Data segment START
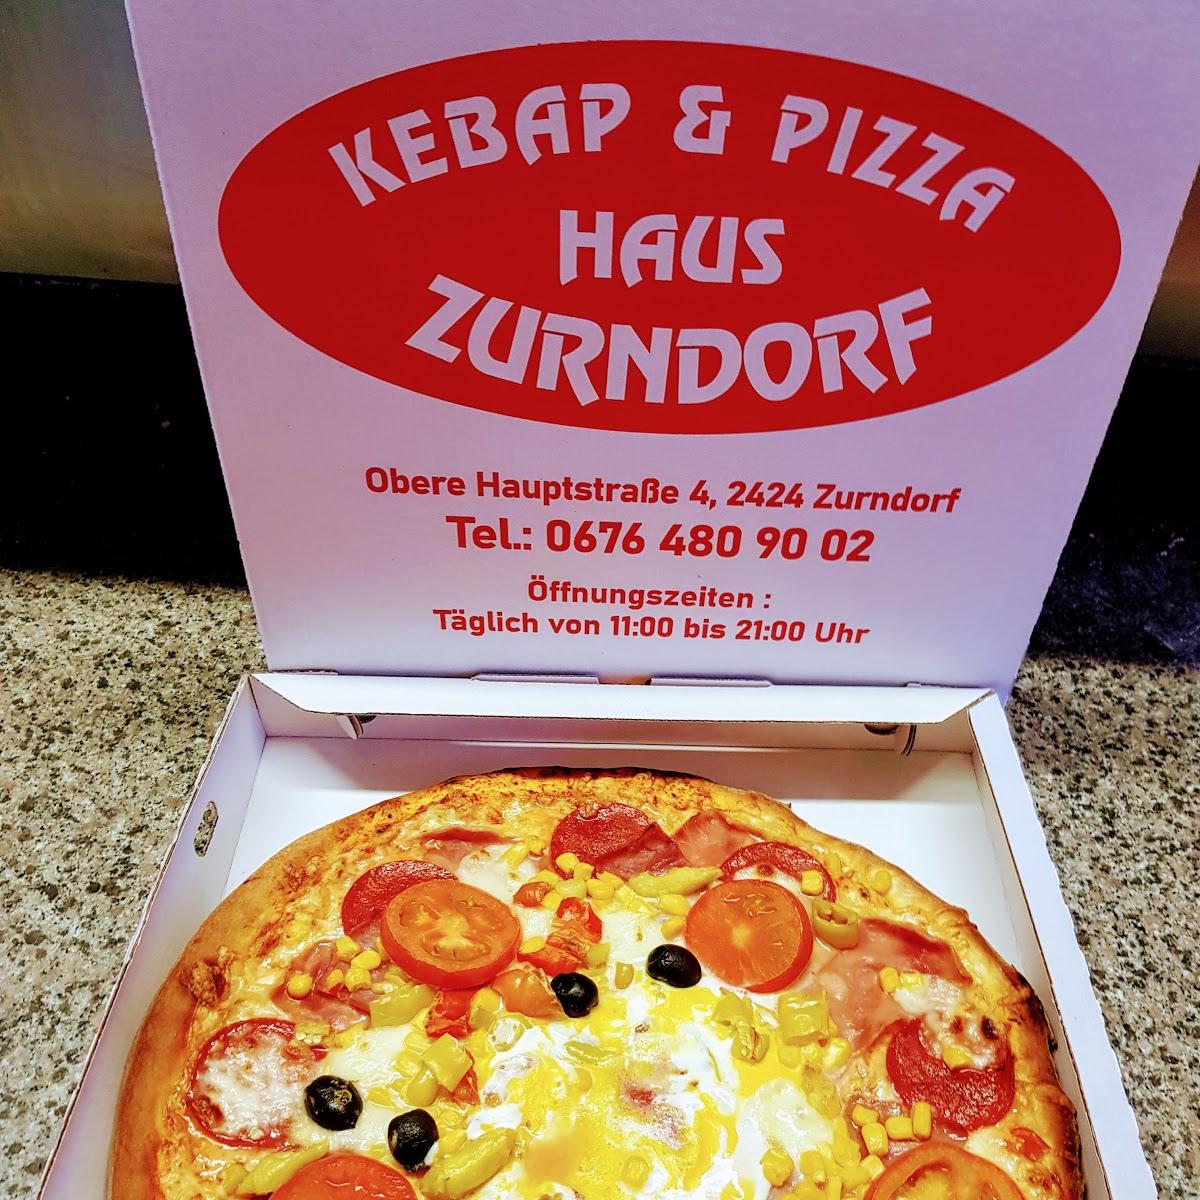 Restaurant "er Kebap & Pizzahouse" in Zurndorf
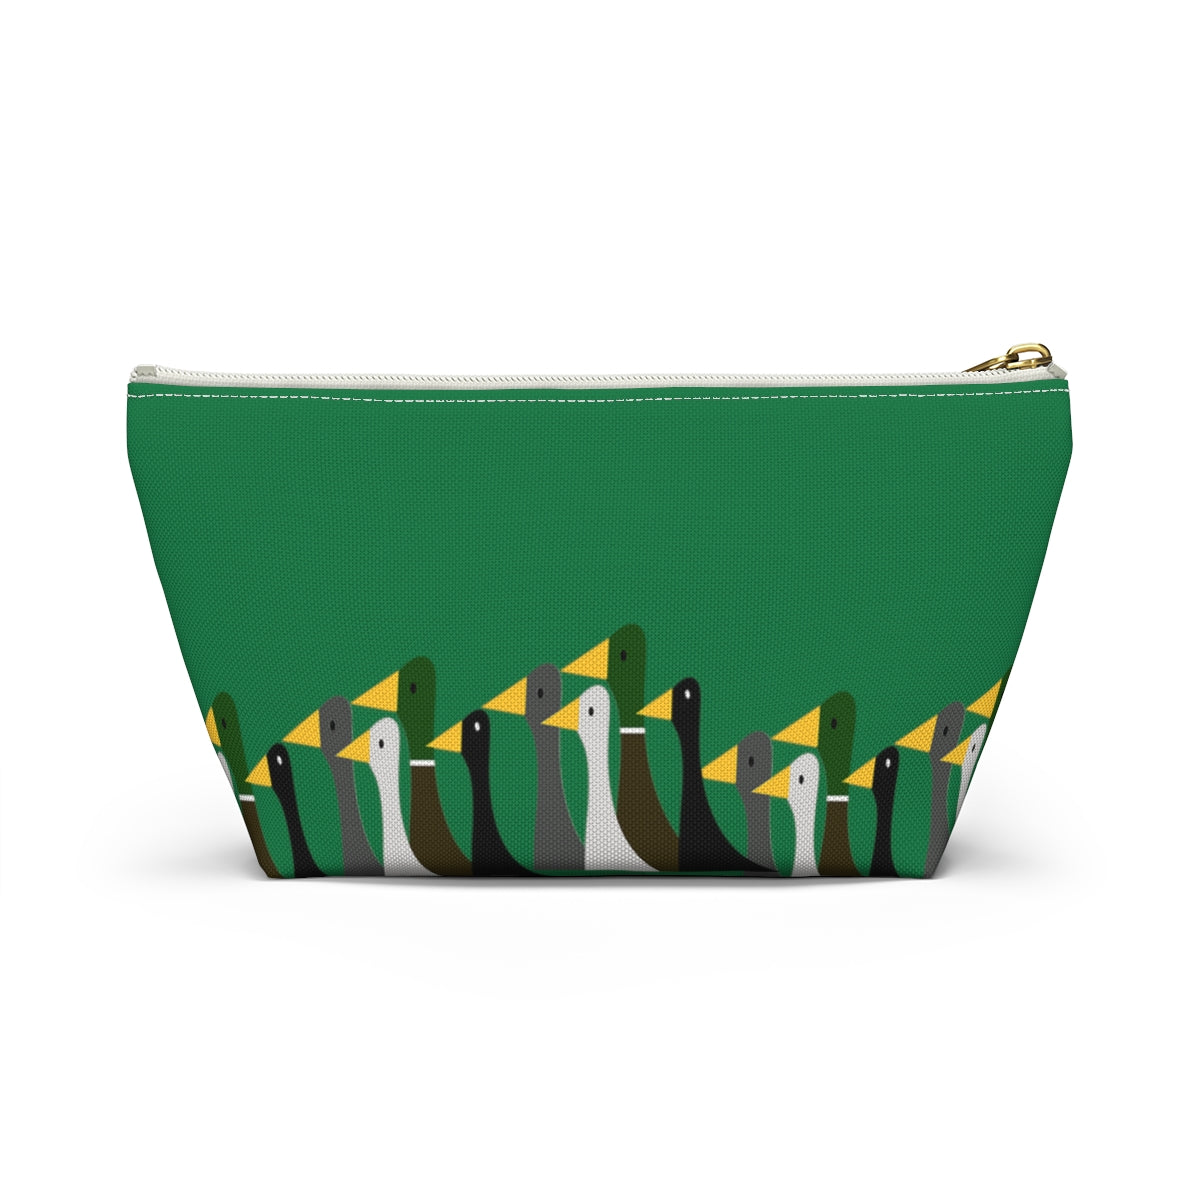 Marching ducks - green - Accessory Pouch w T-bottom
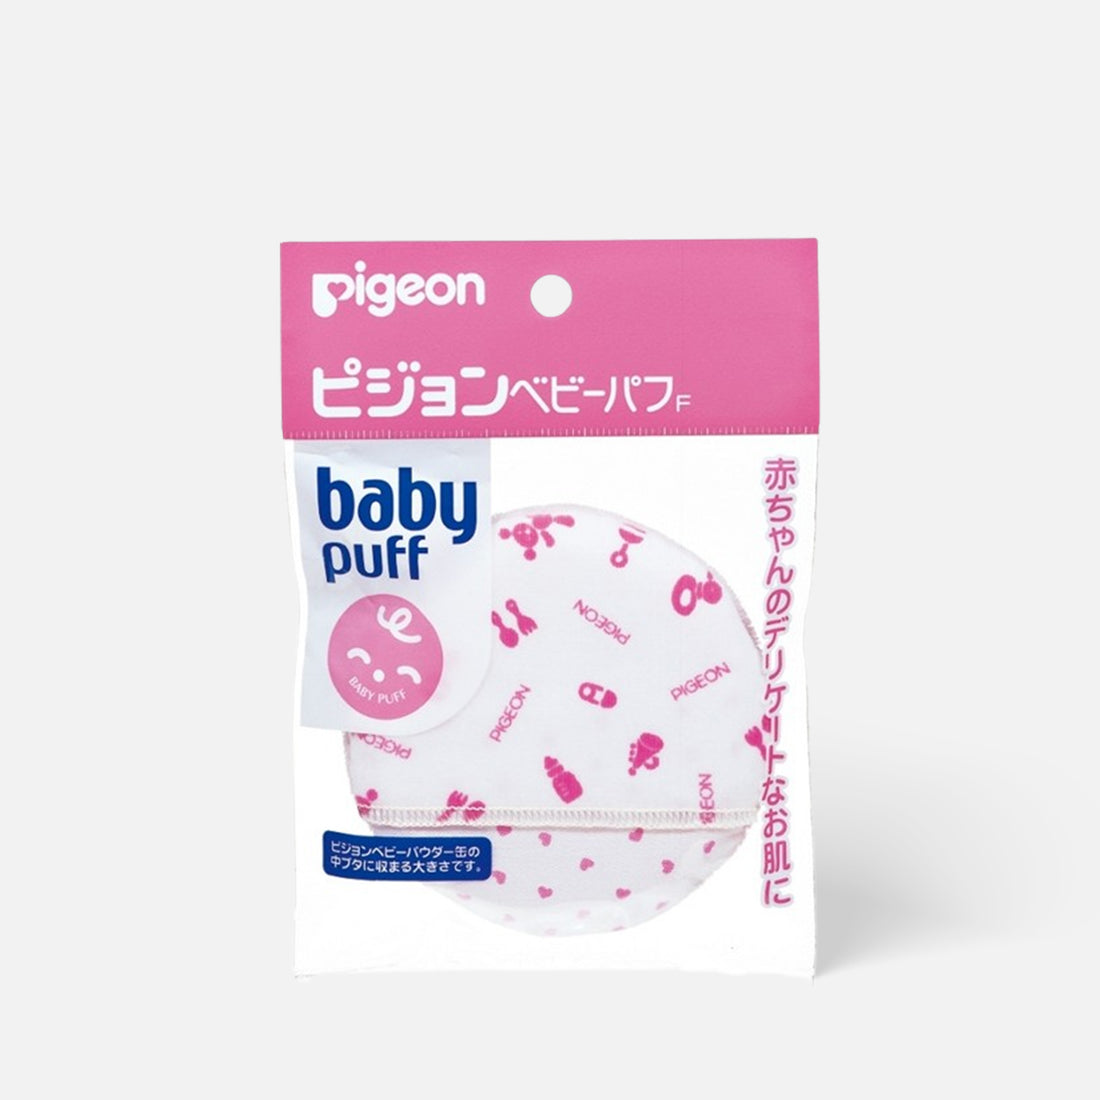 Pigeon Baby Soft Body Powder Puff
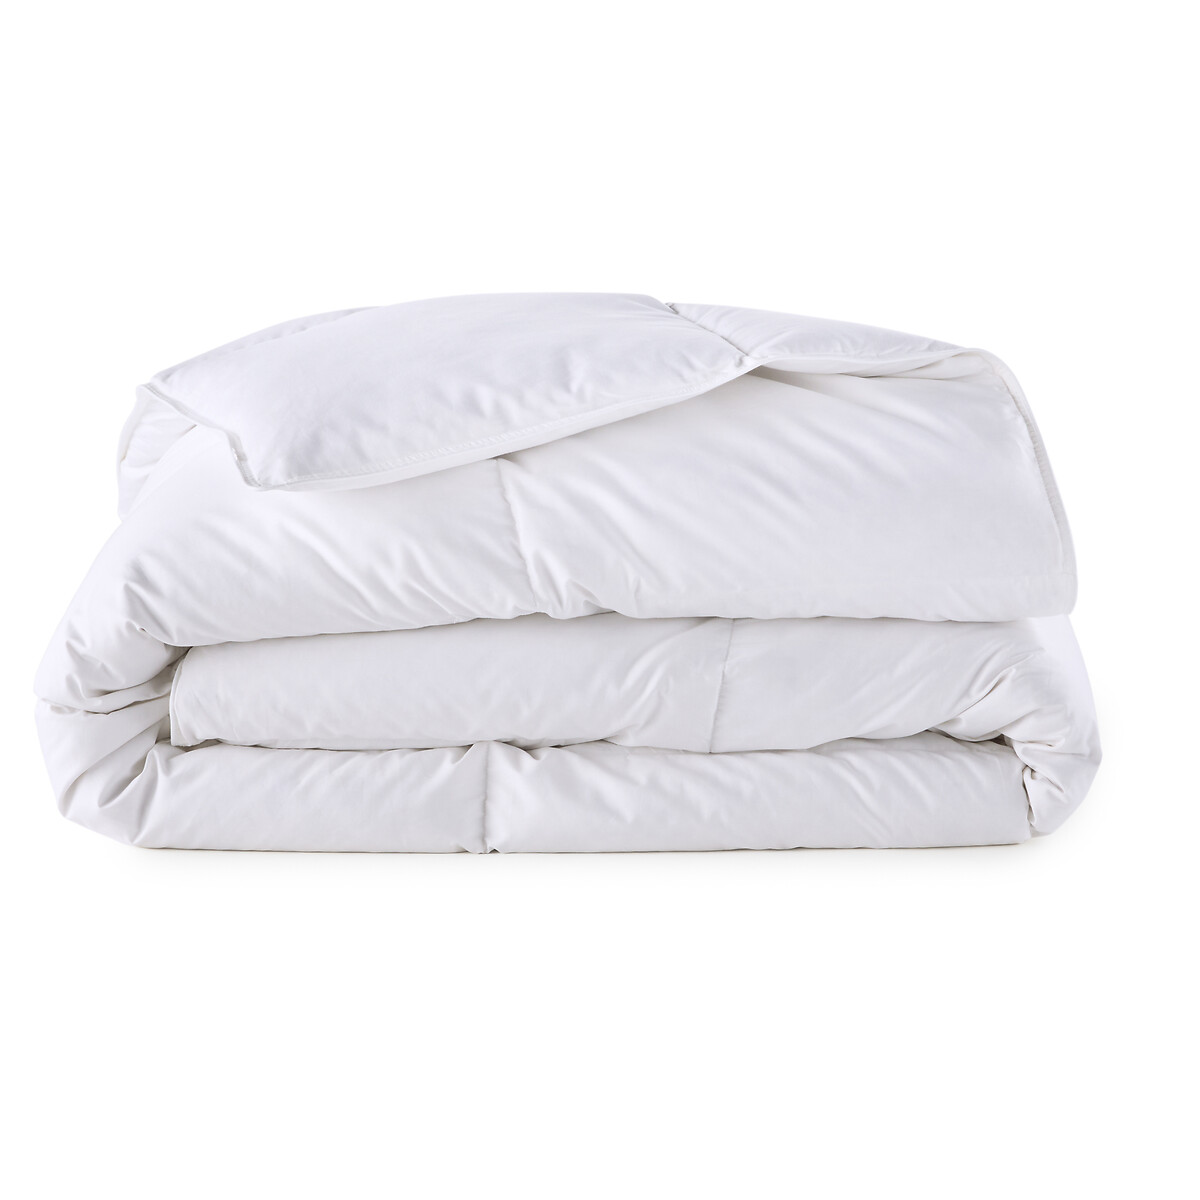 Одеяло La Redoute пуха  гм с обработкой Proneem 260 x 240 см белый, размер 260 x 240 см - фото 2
Data segment END
Where the line containing "Marching ducks - green" appears in the data above, begin there and output every line through the last, exactly and without pictures.

 Marching ducks - green - Accessory Pouch w T-bottom
 Pigeon Baby Soft Body Powder Puff
 Одеяло La Redoute пуха  гм с обработкой Proneem 260 x 240 см белый, размер 260 x 240 см - фото 2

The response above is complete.